Over the last week, I have been struggling with hysterical tantrums from my little sweetie. I know this is nothing new in parenting, and maybe my memory is worse than I think it is, but I think my last two year old is the most terrible in his tantrums. He gets so out of control, he seems to surprise himself. It really worries me he is going to hurt himself, hurling himself around with so much drama. It really is a sight.

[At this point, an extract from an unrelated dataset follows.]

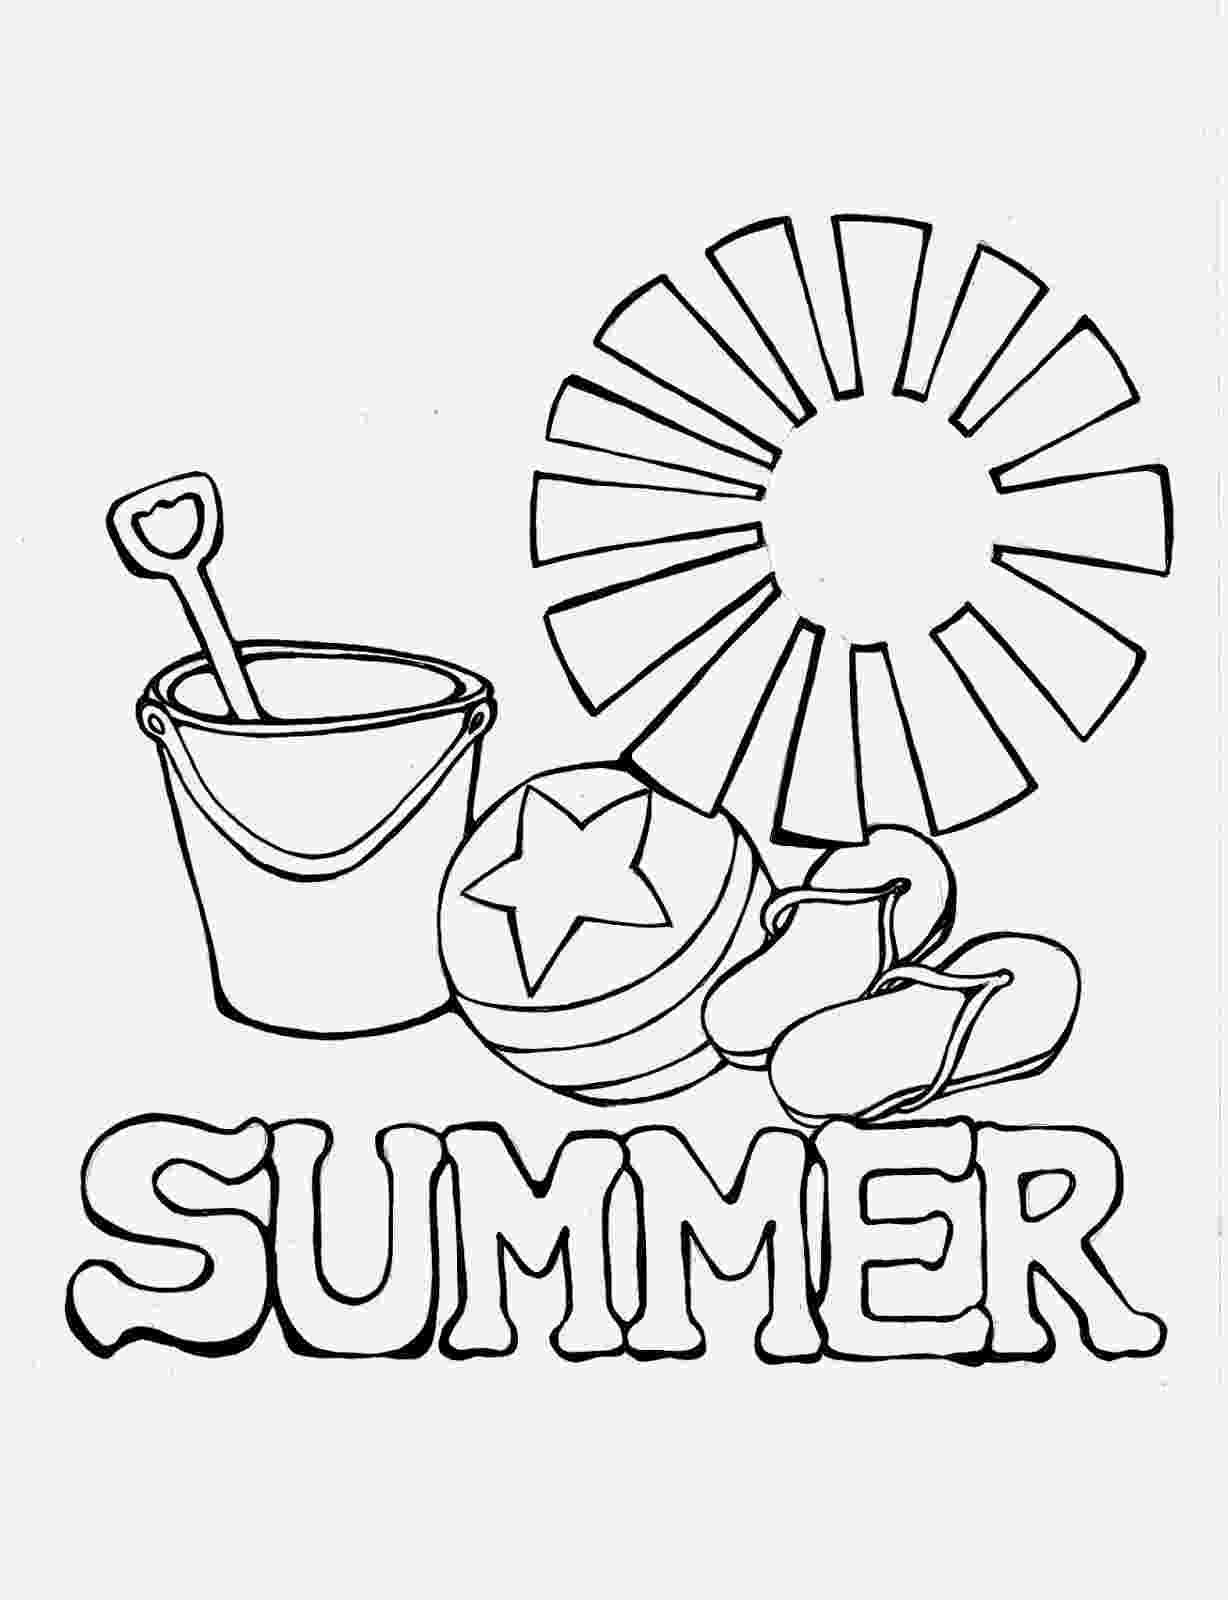 summer coloring page wwwprekandksharingblogspotcom summer page coloring

Today was a day of extreme highs and lows. He was so happy and involved making valentines day cards for his dad and sibs. He painted with water colors while I cut out hearts. He took a break and happily had a snack. Then he used markers to color the rest of the cards, using each color on each card just once. We took another break. He was so well behaved I decided it was time to let him try glue sticks. I know what you are thinking: disaster happened with the glue - but it didn't. He was very interested in putting glue on the hearts and was careful to flip over the hearts and put them on the cards just so. No problems with art time - he even alerted me immediately when he noticed paint spilled and accidentally went out of the lines with the markers.
It was a great day. Fantastic, really. Until I tried to change his diaper and he kicked me in the face, not once but twice. When I put him in a timeout, chaos ensued. He refused. I insisted. He was prepared to fight me to the death. Eventually, I carried him upstairs, where his hysteria got worse. I really hate to fully paint the picture. I took him to his brother's room - he was home sick - hoping a change of venue would calm him down to the point where he wouldn't crack his head on the wall or fall off the bed trying to defy the time out. Eventually a diversion worked. We went downstairs and I sat with him while he took his two minute time out. He laughed when the timer went off really quickly - he seemed to agree with me that a time out would have been a lot easier than all the hysteria plus the timeout, which was more like a quiet long hug than a punishment. Two minutes was nothing.
The rest of the day was the same - wonderful moments and uncontrolled hysteria. During his fourth fit of the day I said, "I am going to check my emails. Let me know when you are done." Within thirty seconds he was over it and I complimented him on the way he calmed down so quickly and agreed to play with him if he was going to remain calm.
Later, he hit his brother. I asked him to give his brother a soft touch just to be smacked. The kids and I picked up and went to the other room. I told him he could join us when he was ready to apologize and give a soft touch. He did in about a minute and gave his brother the sweetest petting on his head and a kiss right on his lips followed by a sweet, "I'm sorry." His brother reminded him he hit mommy too - so I got some of the same. It was wonderful. I hope it doesn't come to this tomorrow.